In the figure below, there is a drawing fragment explaining the principle of reinforcing the floor slab.
The recipient of the drawing extracts a parametric description from it, applies the execution procedure, and, as a result, gets a mental model of the slab reinforcement. When the recipient is a builder, he will transform his mental model into real reinforcement in the field.
The process of creating a model in a 3D modeling program is, in principle, no different from a traditional drawing. By some means or other, the reinforcement contour is defined; the diameter, steel class, spacing, and possible overlap of rebars are specified.
The end result is, however, different. The execution procedure creates a computer model of a set of rebars with attributes attached to every bar. This model is saved. The figure below represents a top view of the reinforced slab as displayed by a computer model.

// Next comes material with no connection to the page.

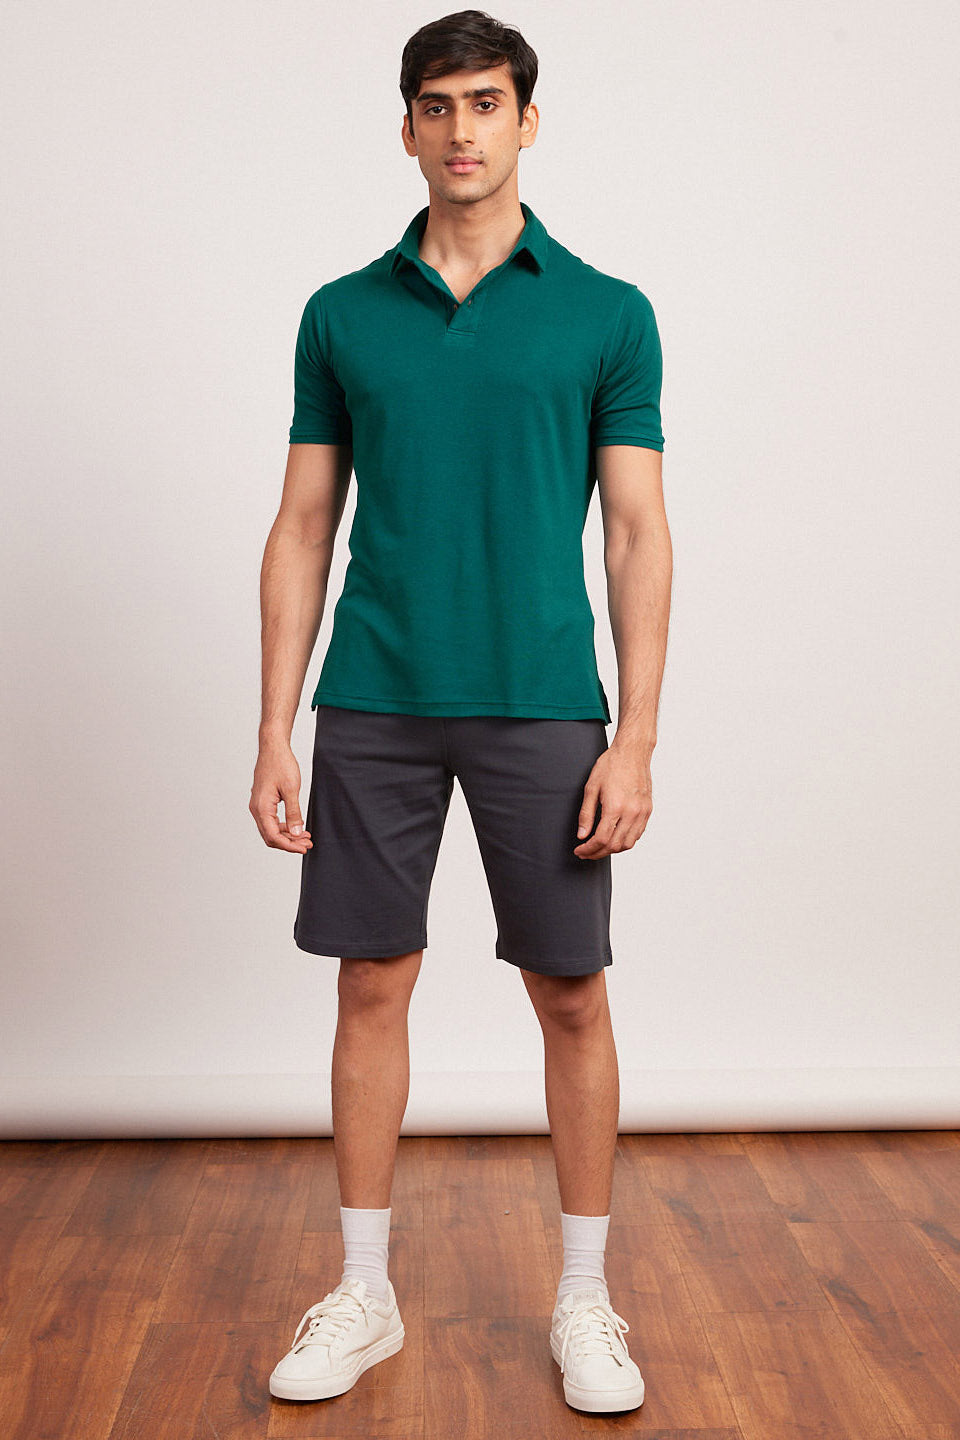  The Vintage Polo Marine Green  | Mens T-Shirts   |  Creatures of Habit

As mental models are built solely on the basis of visual perception, let's compare the two figures:
Drawing — shows a single abstract bar, with information attached. The bar defines the size, location, and attributes of all other bars in the planned reinforcement slab. We do not see individual bars, but we get a very good idea of the slab reinforcement.
Model — shows lots of bars. Annotations need to be added to all bars, and many dimensions need to be placed. When the slab is large and contains a lot of rebar, we get a messy, poorly readable picture. The result is a poor-quality mental model and, accordingly, a poor understanding.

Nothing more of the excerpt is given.